Over the next eight to 10 years, the nation’s schools will have to hire more than 2 million teachers. Experts say this crunch has many causes: the graying of today’s teaching corps; the high rates of attrition among young teachers; the booming student enrollment; and the increased popularity of class-size reduction mandates, among them.

South Carolina administrators face the task of hiring an average of 5,000 teachers state wide each year. To help, lawmakers recently rewrote a 1968 law that limited the salary that state employees-including teachers-could earn if they returned to work for the government. In 1998, that cap was $15,500.

Under the new law, retirees who teach in districts or curricular fields deemed “critical-need areas” can earn full salaries and collect their full pensions. Retirees who teach in other subject areas or districts can earn up to $25,000 a year while drawing 55 percent of their pension payments.

South Carolina officials report a frenzy of interest in the new salary provision following the implementation of the law in July. “We got 500 inquiries in one month,” says Janice Poda, director of the South Carolina Center for Teacher Recruitment at Winthrop University in Rock Hill and project director of the governor’s commission on teacher quality.

Money also seems to be luring retired educators back to schools in California. Legislators there recently expanded a 1996 program that tackled school staffing shortfalls stemming from a statewide mandate to reduce class size in the early grades. Under the new law, retirees can earn full salaries and pensions if they return to work in schools with class-size-reduction plans. Retired educators who return to other schools can draw pensions but must subtract that money from their salaries.

The cash incentives have made a return to teaching more attractive, says Steve Blazak, a spokesman for United Teachers Los Angeles, an affiliate of both the AFT and the National Education Association. “In fact, it is such a good deal that we had teachers who retired the previous year before the law went into effect besiege us.

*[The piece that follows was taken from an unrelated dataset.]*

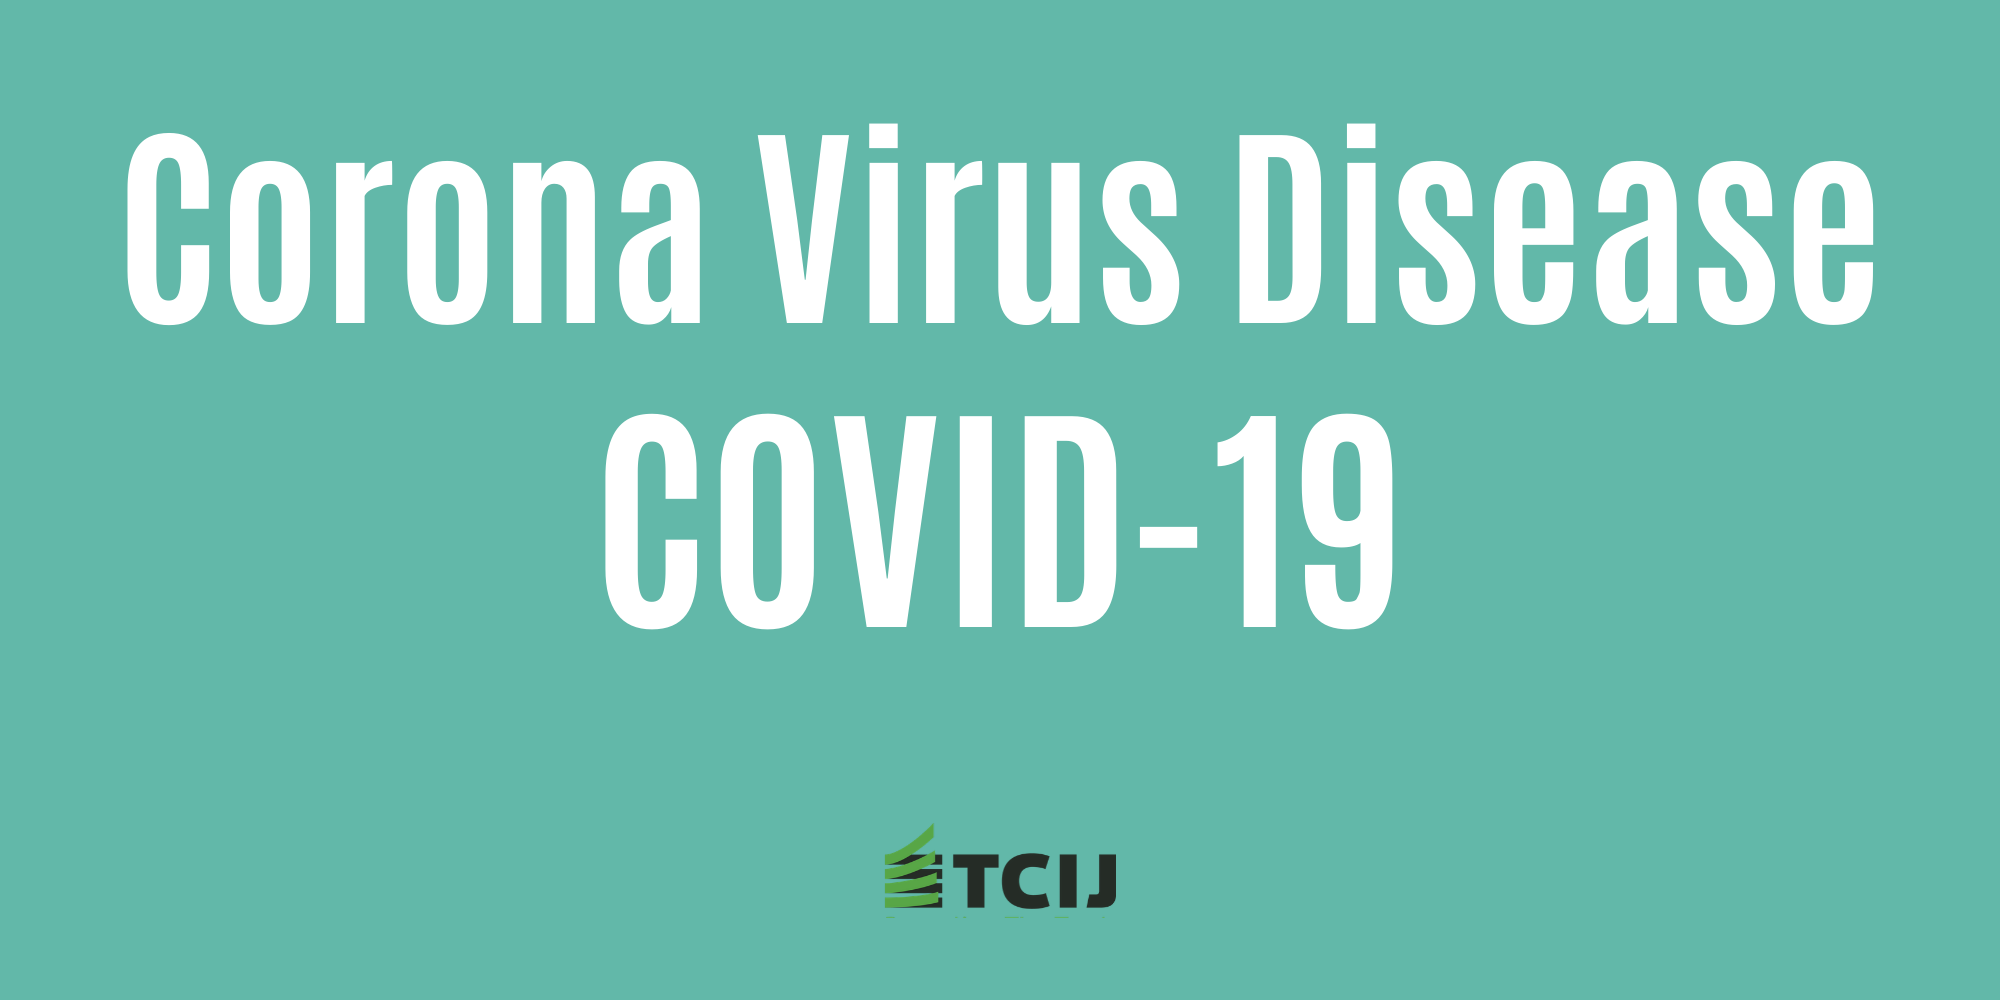 13 มี.ค. สธ.แถลงยืนยันพบผู้ป่วยติดเชื้อ COVID-19 เพิ่มอีก 5 คน ผู้ป่วยสะสม 75 คน
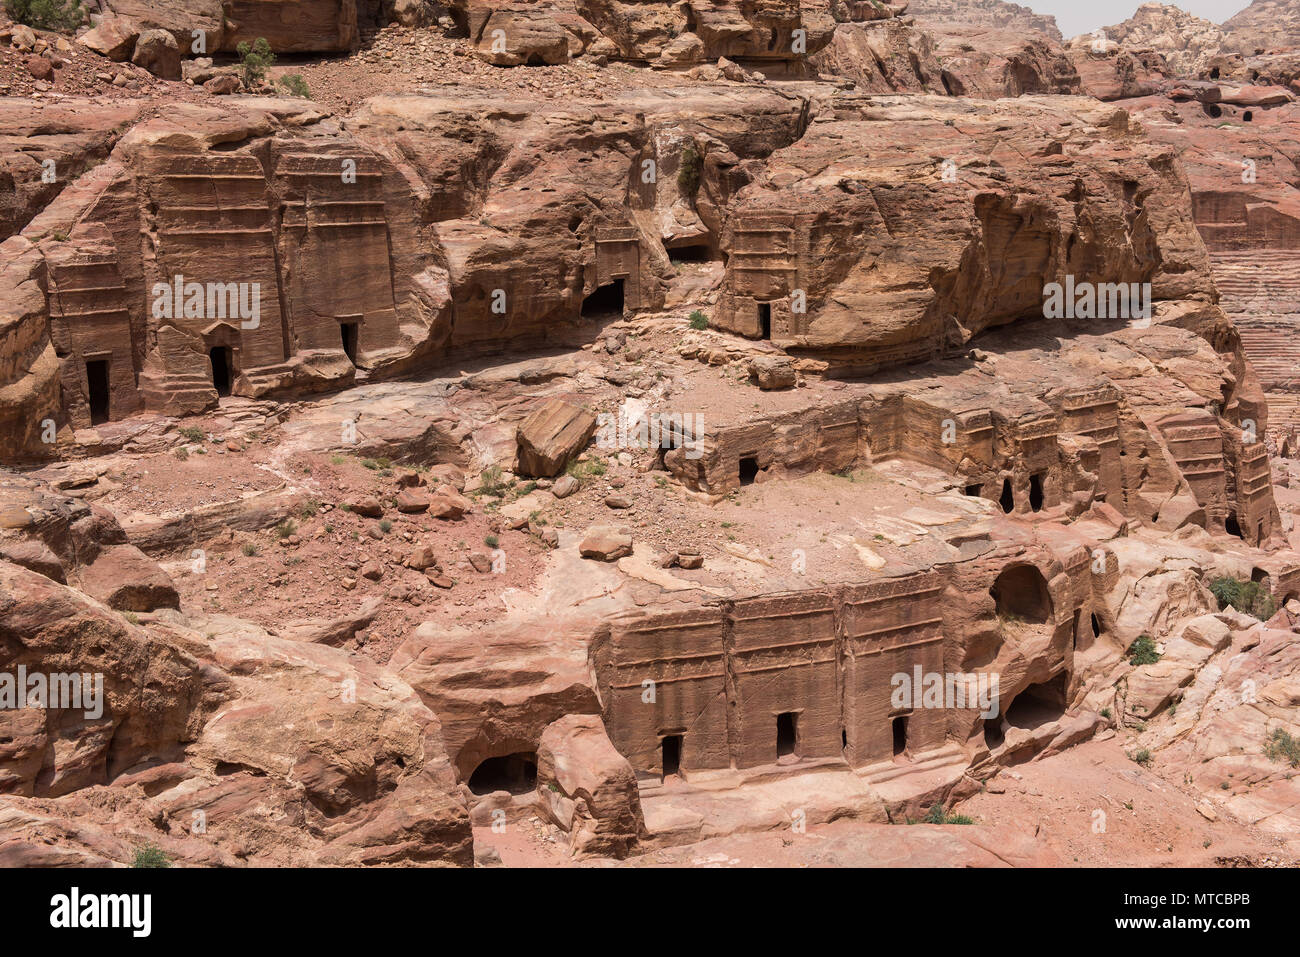 Entrada de una cueva, la tumba real en Petra, Jordania. Metro rocas antiguas talladas, utilizada como lugar de enterramiento Foto de stock

They were very upset because they didn’t get the same deal.”

Texas officials tell a different story. So far, districts in the Lone Star State aren’t making much use of a new law that allows retired teachers who specialize in mathematics, science, or technology to return to full salaries and still draw their pensions, says Debbie Graves Radcliffe, a spokeswoman for the Texas Education Agency. “If districts can find a brand-new teacher or a teacher with a year or two of experience versus a 30-year veteran,” Radcliffe says, “they can hire for significantly less pay.”

Districts that don’t use new state incentives to sign up retirees are missing a bargain, argues William Campbell, a formerly retired middle school technology instructor in Anne Arundel County, Maryland. Campbell, who has a master’s degree in education, taught some 15,000 students during his career and served as chairman of his department. “I’ve had one detention and 12 [student-discipline] referrals in 32 years of teaching,” says Campbell, 59, who is back teaching at Central and Magothy middle schools this year. “I have some of the highest grades in the county. I love teaching, and I love kids.”